Panic of Girls
The author F Scott Fitzgerald famously observed that there are no second acts in American lives. Try telling that to the New York punk survivors Blondie, who regrouped at the close of the last millennium to great acclaim, earning a chart-topping UK single and belated induction into the Rock and Roll Hall of Fame. Now, having waited eight years since their last release, this ninth studio album is effectively a third-act comeback in a rock soap opera spanning almost four decades.
Delayed by line-up changes and label problems, Panic of Girls finds Blondie adapting to harsh new market realities by self-releasing on their own label. Sumptuously packaged in a strikingly surreal sleeve by the artist Chris Berens, the musical content seems to knowingly reference all stages of the band's long career. Two of three remaining founder members, the 65-year-old singer Debbie Harry and the 61-year-old guitarist Chris Stein, were historically always the core songwriters. However, the writing credits here are mostly shared between Harry, newer recruits and outside collaborators, making Stein a minority contributor.
This may explain why the album sounds a little scrambled, lacking focus at times. Overall, Panic of Girls feels more like one of Harry's sporadic solo albums than a coherent body of related songs. But this is also clearly the work of seasoned elder statesmen, with an emotional maturity to match. No longer punk-pop pups, Harry and Stein are acting their age.
For this reason, New Wave purists expecting classic adrenalin-pumped powerpop anthems might be disappointed. The closest they will find here is the feisty opening trio of revved-up guitar-chuggers D-Day, What I Heard and Mother, which blend plastic-punk nostalgia with more contemporary Europop and disco-rock elements.
Reggae is also a prominent flavour. Blondie first showed their love for lilting tropical rhythms on their 1980 remake of John Holt's The Tide is High, but Panic of Girls is awash with them. Admittedly the cover of Girlie Girlie, a former UK hit for Sophia George, leans towards hotel-bar cabaret, but it still has an agreeably sloppy charm. Much better is The End The End, a slinky lover's rock tune on which Harry's ageless voice becomes a warm, creamy purr. And Sunday Smile is terrific, a brassy fusion of reggae and Balkan wedding-band sounds composed by Zachary Condon, aka the Brooklyn-based indie-folk minstrel Beirut.
Condon turns up again playing trumpet on Le Bleu, a tumbling chanson on which Harry slips into bluesy, Gitane-smoking French. Indeed, the singer displays her multilingual skills right across the album, switching to Spanish for Wipe Off the Sweat, an upbeat blast of Latin disco-funk which redeems its Gloria Estefan-style cheesiness with sheer exuberant bounce.

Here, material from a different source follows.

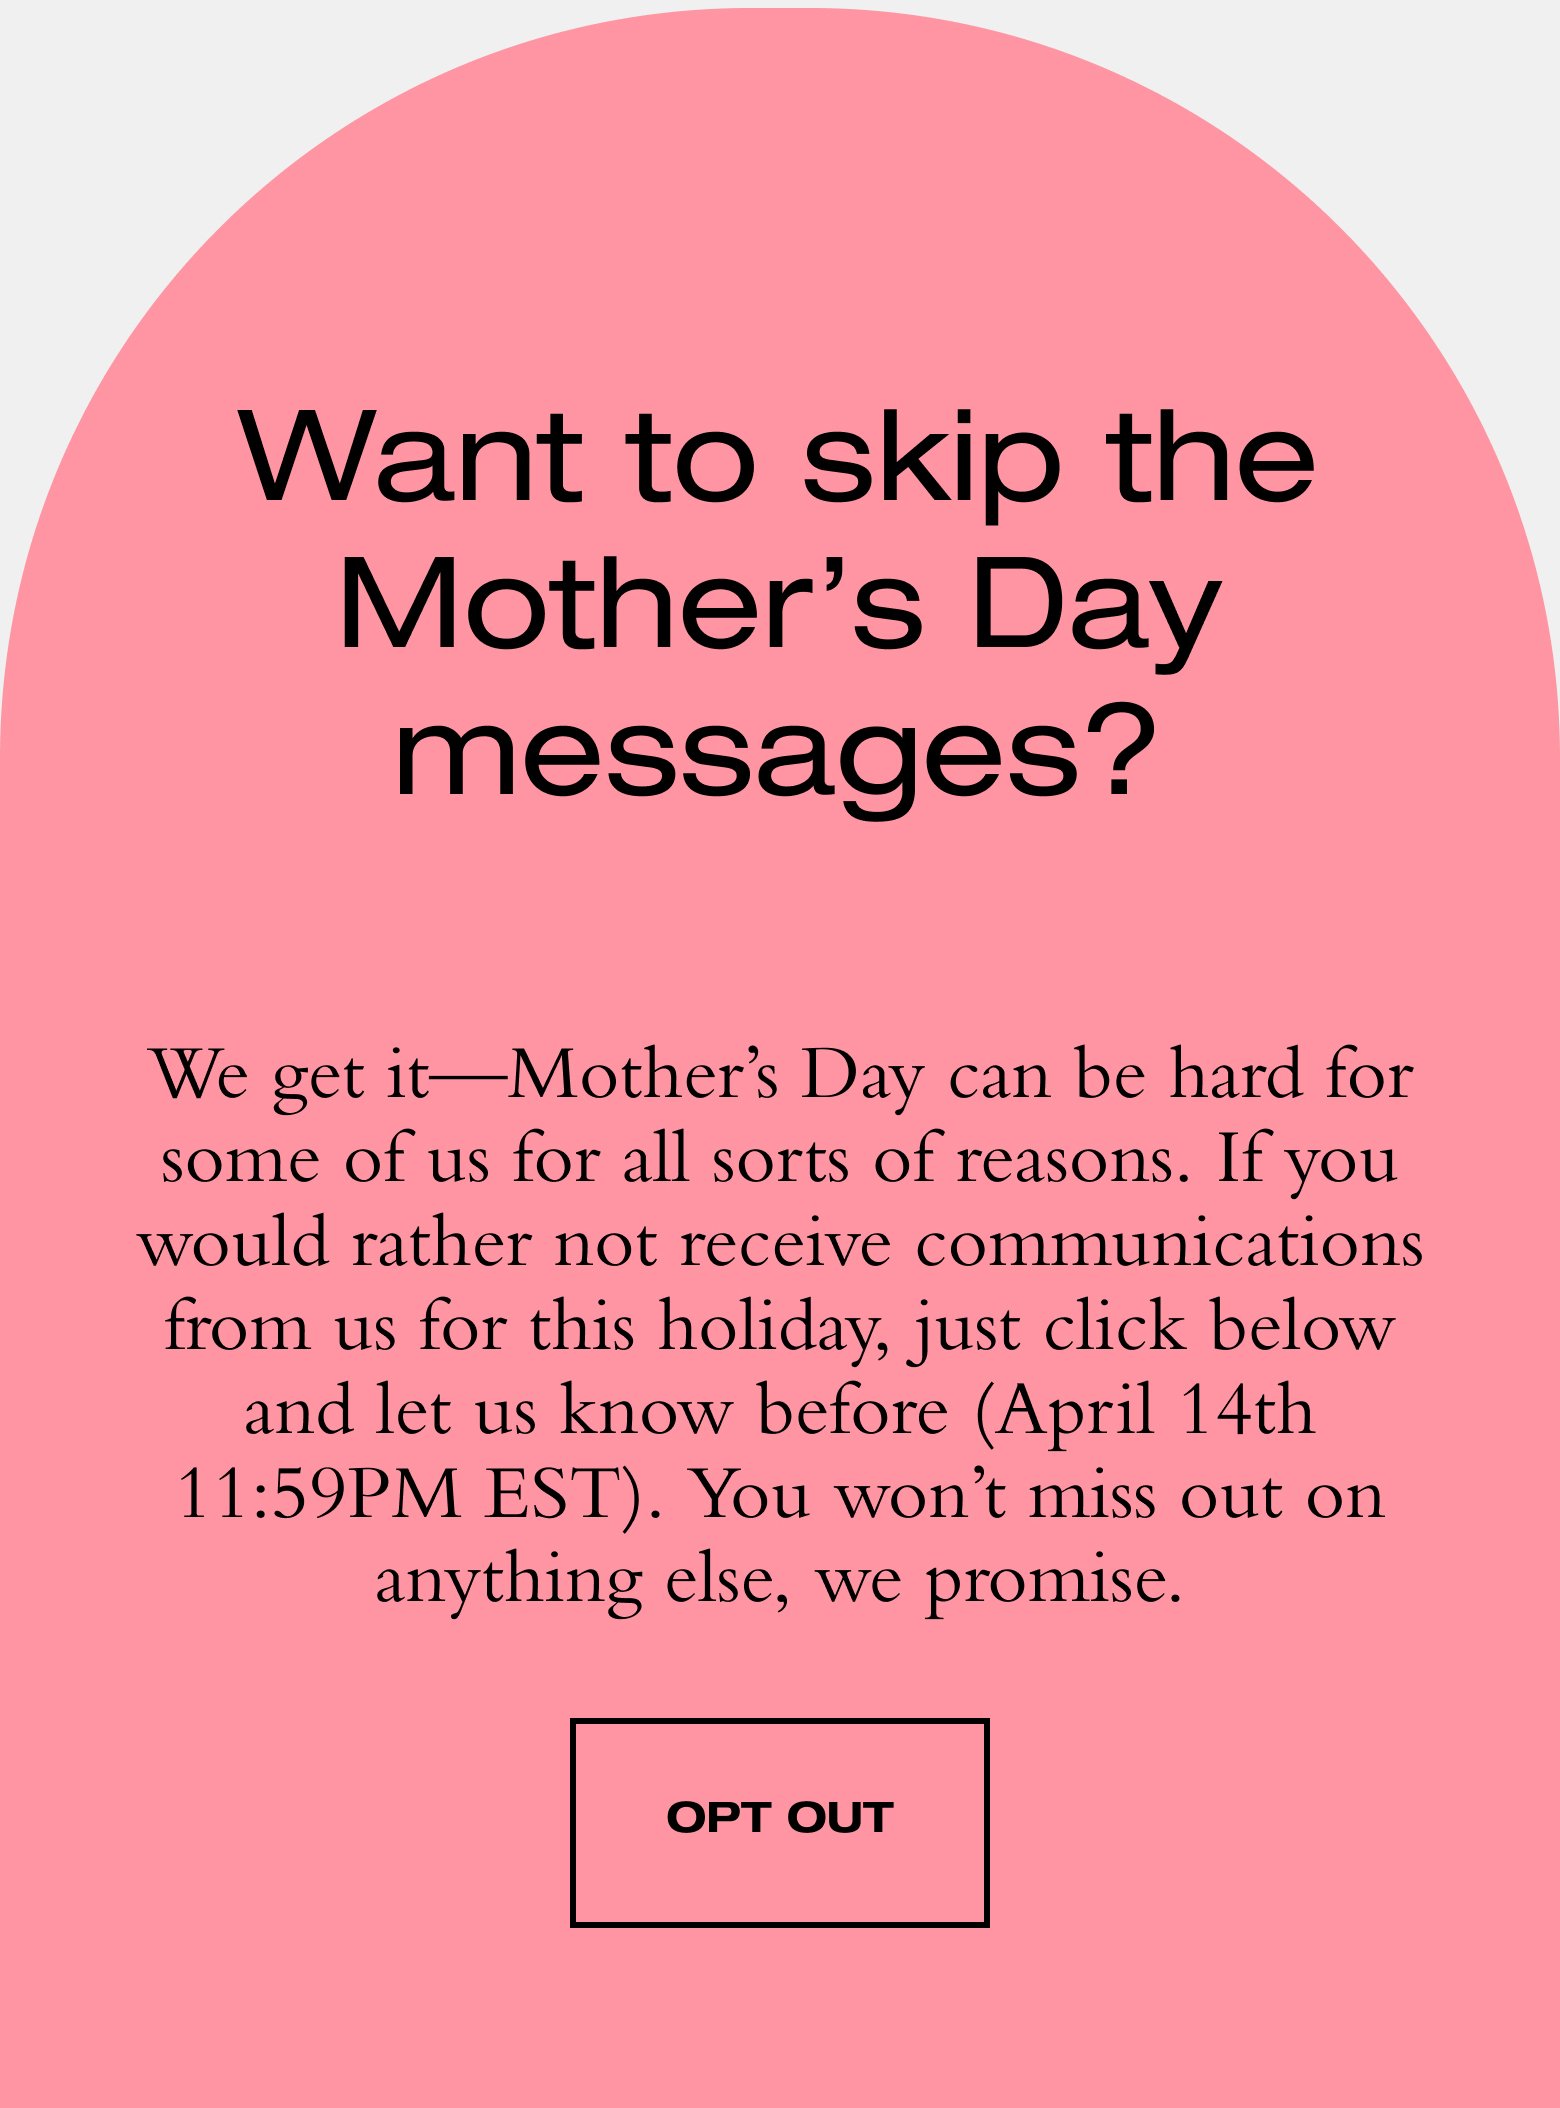 Want to skip the Mother’s Day messages? We get it—Mother’s Day can be hard for some of us for all sorts of reasons. If you would rather not receive communications from us for this holiday, just click below and let us know before (April 14th). You won’t miss out on anything else, we promise. OPT OUT

A handful of generic rock plodders, notably China Shoes and Love Doesn't Frighten Me, could comfortably have been dropped. Overall, Panic of Girls is short on killer tunes, but still rich in energy and ideas. Given their long and chequered history, Blondie's third-act comeback is about as good as we could expect it to be. By no means a classic, but a perfectly decent autumnal work.